Isaiah 37:14 - Calvin's Commentary on the Bible

Bible Comments

14. Hezekiah took the letters. The Prophet now shews what kind of refuge Hezekiah had amidst so great calamities. He immediately went into the Temple, to lament before the Lord the calamity which: he could not remove, and to “cast upon him” (Psalms 55:22) his grief and his anxieties. (51) Nor was this a blind or confused lamentation, but the pious king wished to move God by his tears and complaints to render assistance. We are taught by his example that, when we are sore pressed, there is nothing better than to east our burden into the bosom of God. All other methods of relief will be of no avail, if this single method be wanting.

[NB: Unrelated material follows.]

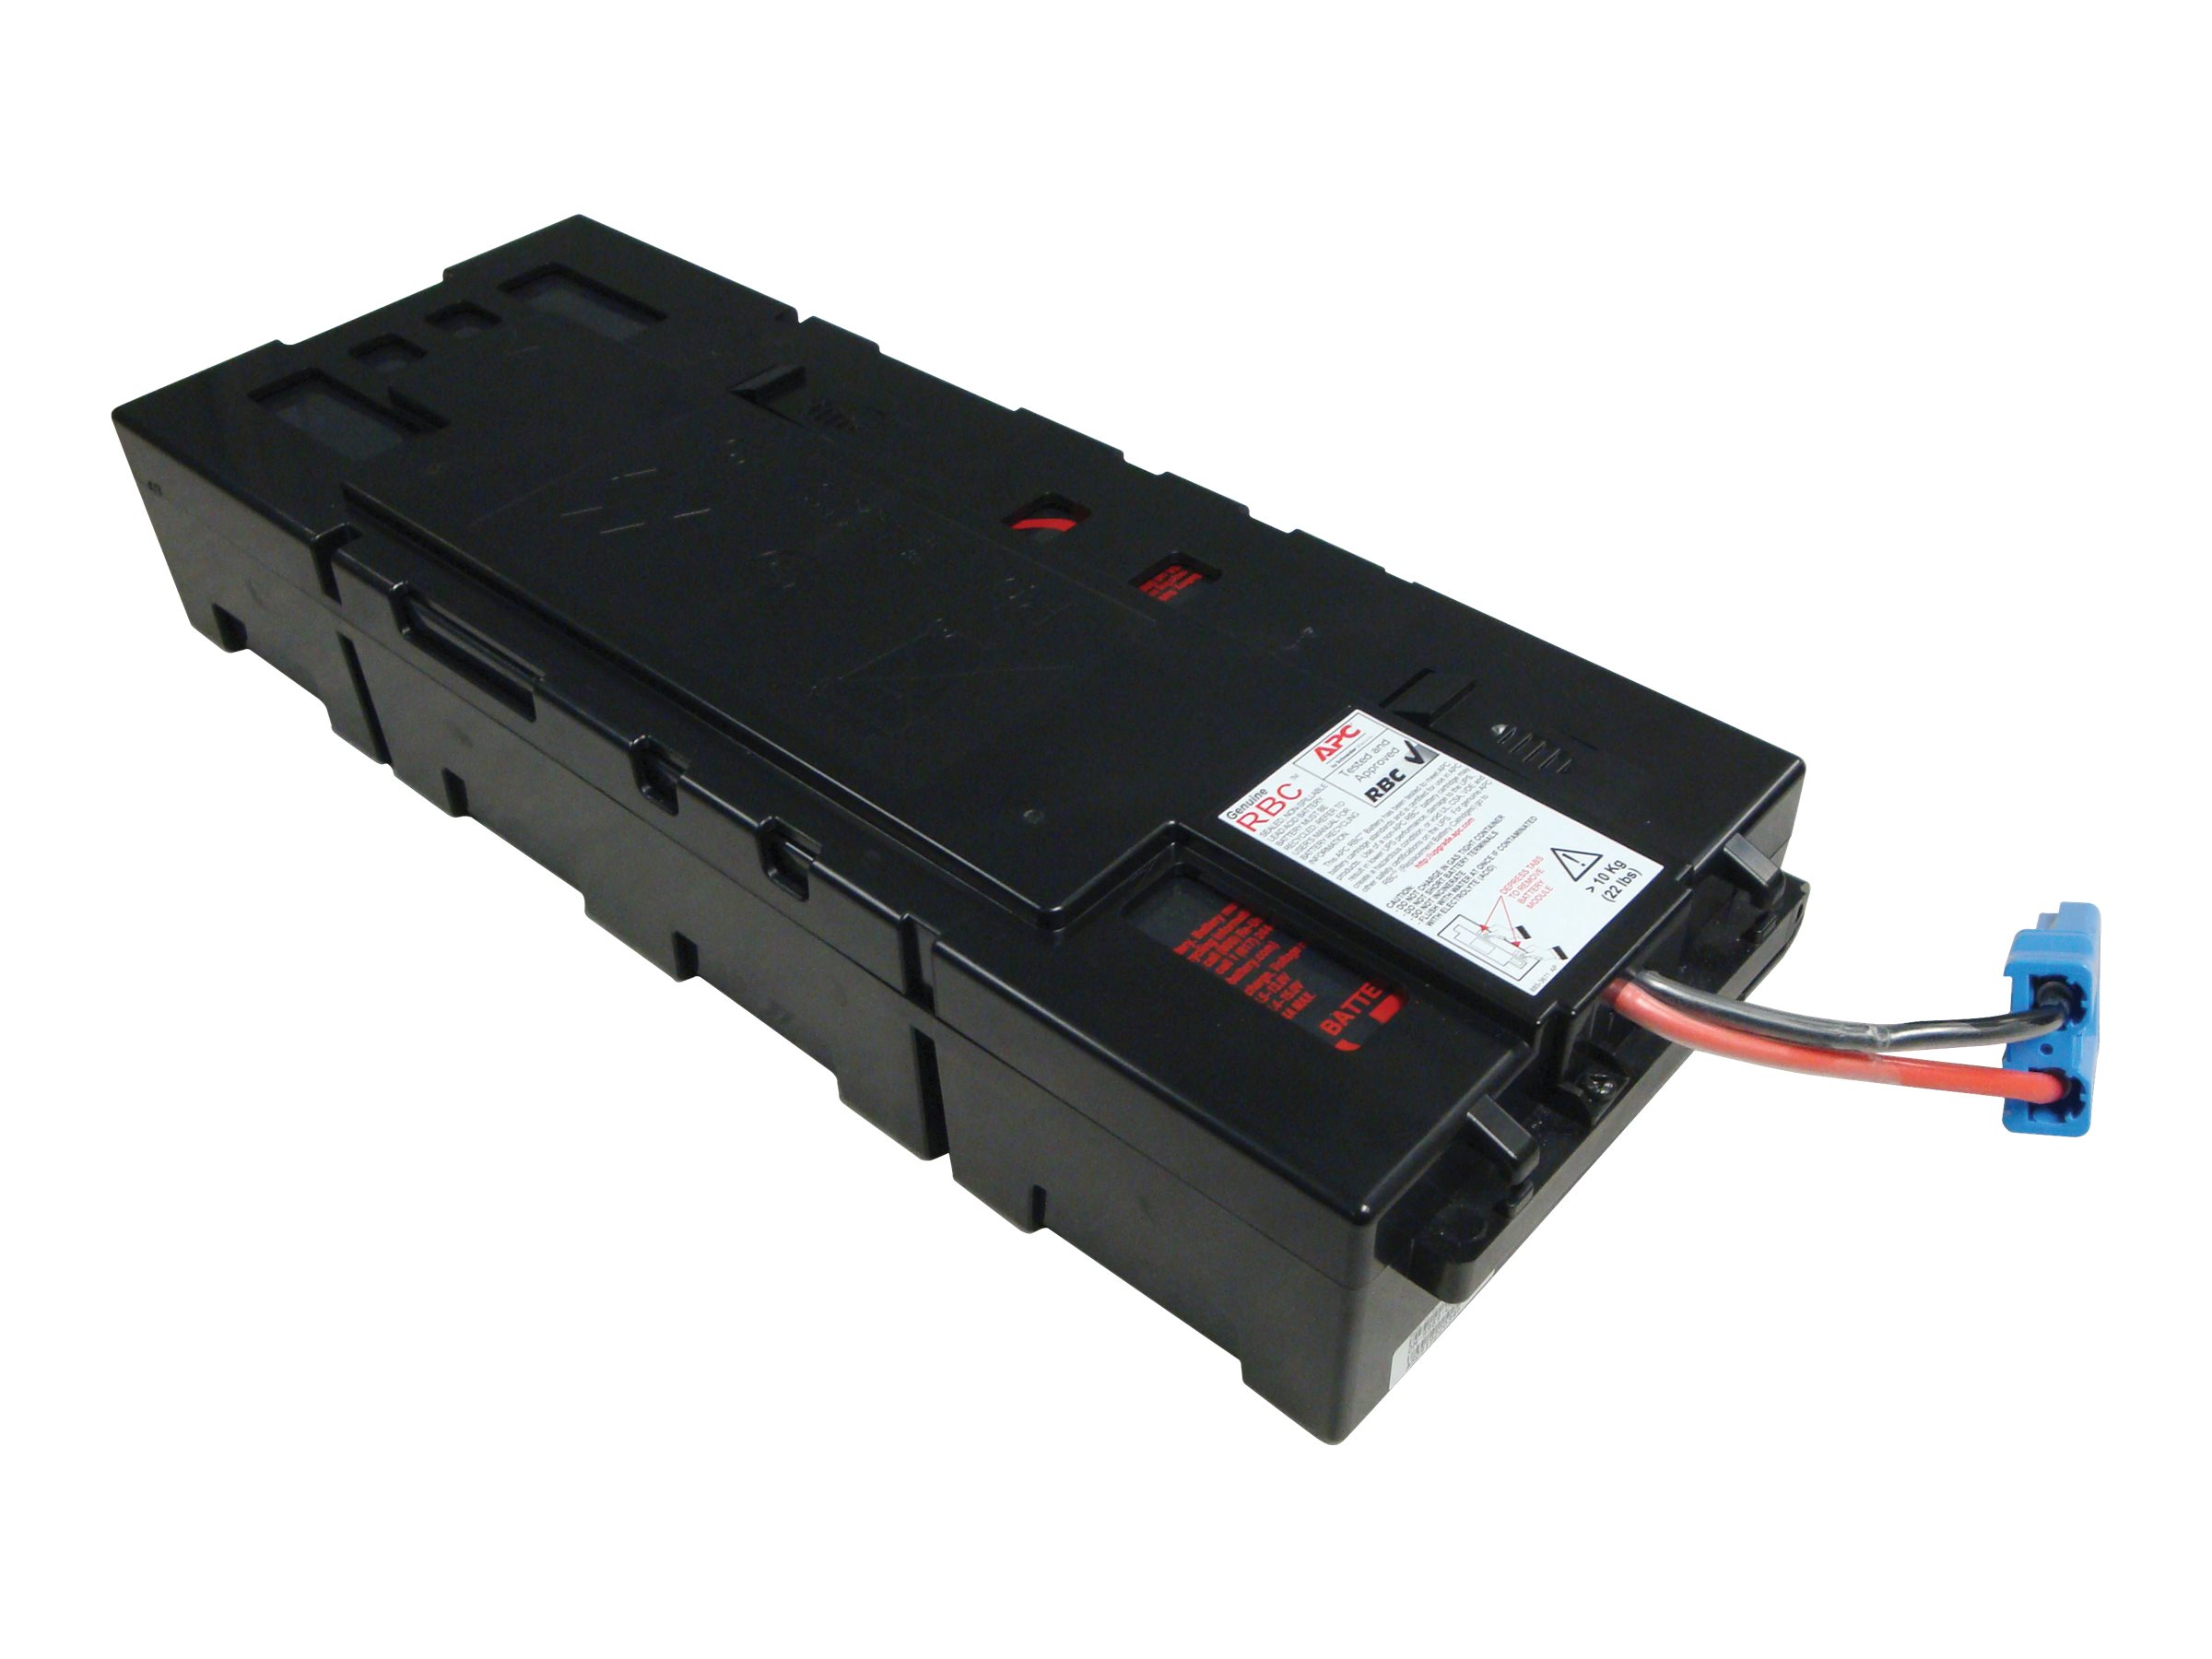 APC Replacement Battery Cartridge #115 - USV-Akku - 1 x Batterie - Bleisäure - Schwarz - für P/N: SMX1500RM2UC, SMX1500RM2UCNC, SMX1500RMNCUS, SMX1500RMUS, SMX48RMBP2US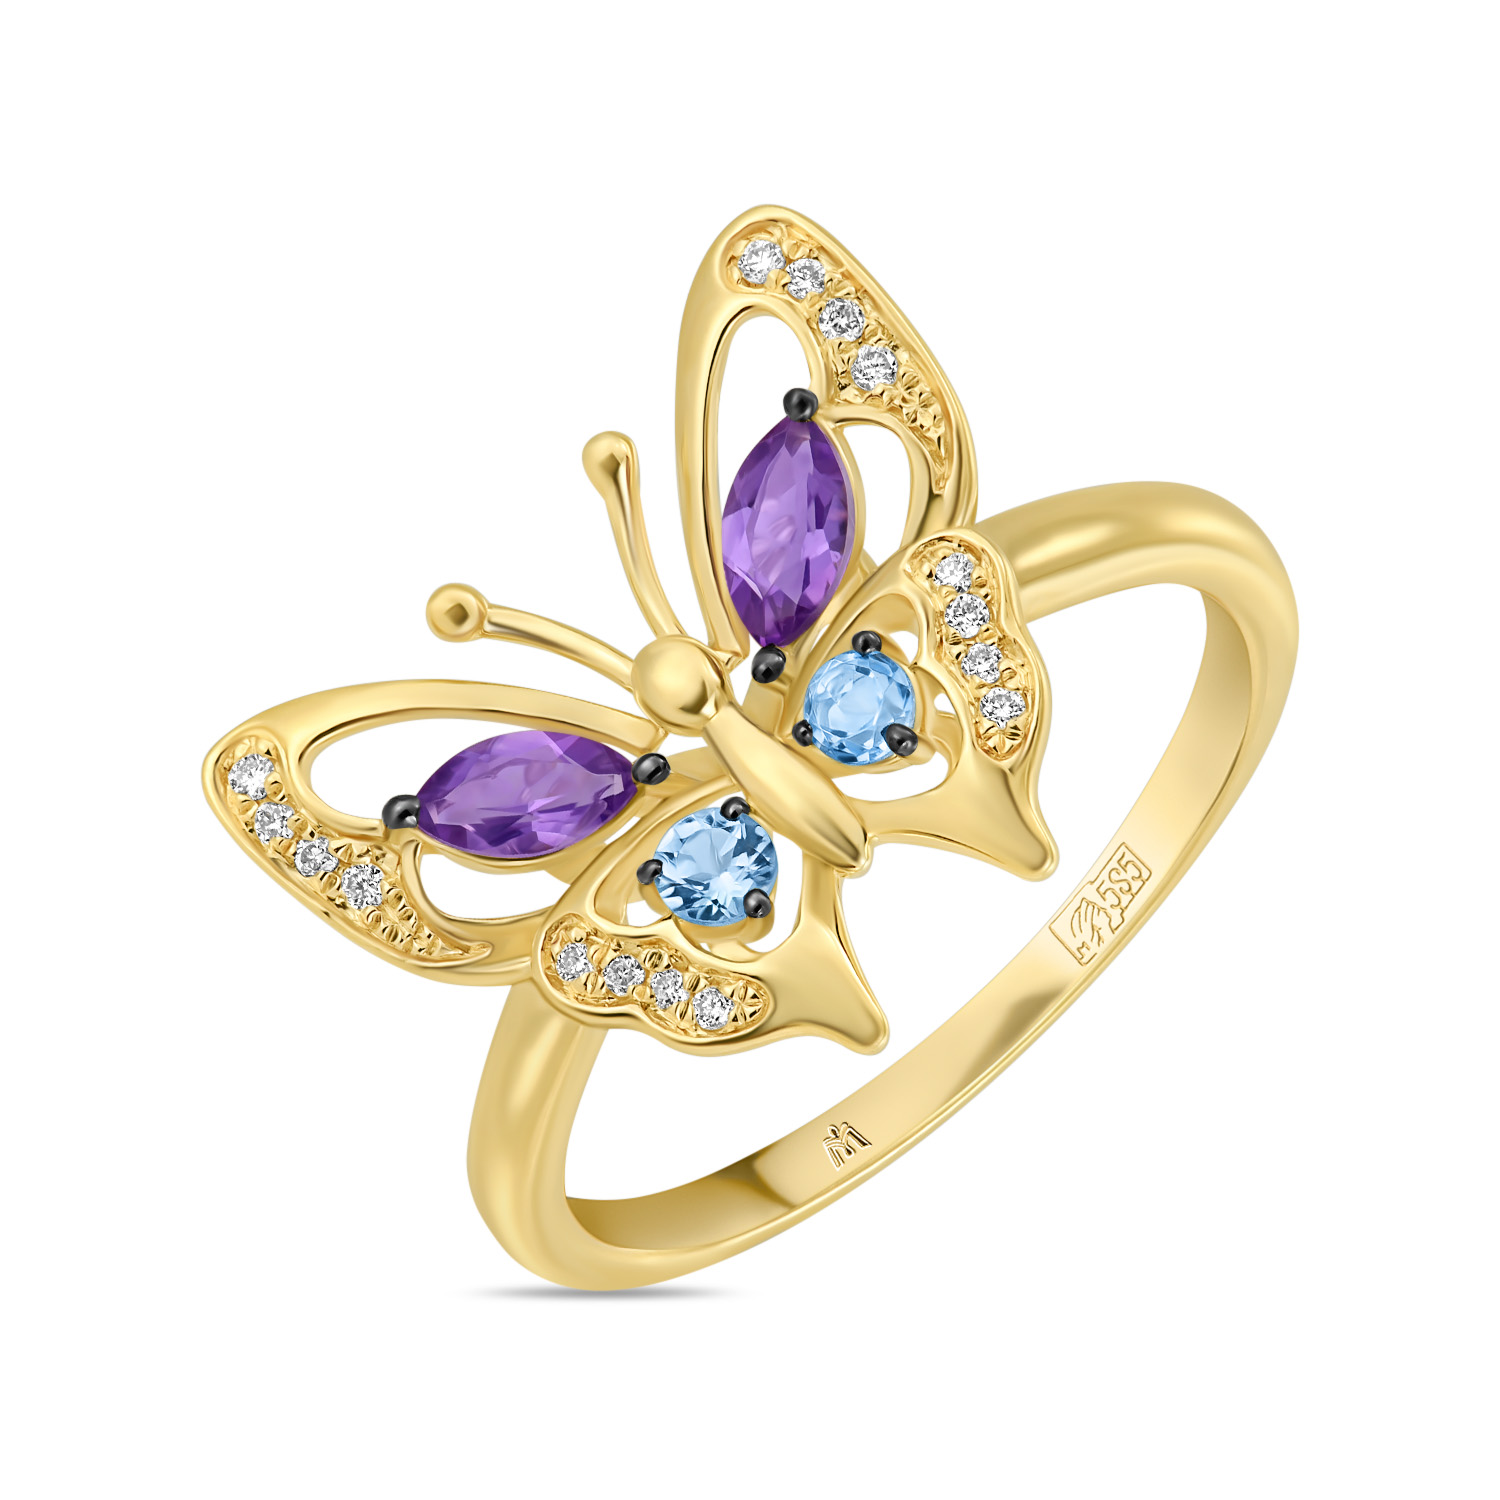 Кольца МЮЗ Золотое кольцо с аметистами, топазом и бриллиантами кольца мюз золотое кольцо с аметистами топазом и бриллиантами

And spread them before Jehovah. In “spreading the letters before the Lord,” he does not do this as if the Lord did not know what was contained in the letters, but God allows us to act in this manner towards him in accommodation to our weakness Neither prayers, nor tears, nor complaints make known to God what we need; for he

knows our wants and necessities before we ask anything from him.” (Matthew 6:8.)

But here we ought rather to consider what is necessary for us, that is, that God should manifest that he knows the blasphemies of adversaries, and that they who have uttered them will not remain unpunished. The reason and design, therefore, why Hezekiah “spread before the Lord the letters” of the wicked tyrant was this, that he might excite his own earnestness, and inflame his own ardor, in prayer.

(51) “ Et jetter au sein d’iceluy sa tristesse et soliciltude.” “And to pour into his bosom his grief and anxiety.”

Isaiah 37:14

14 And Hezekiah received the letter from the hand of the messengers, and read it: and Hezekiah went up unto the house of the LORD, and spread it before the LORD.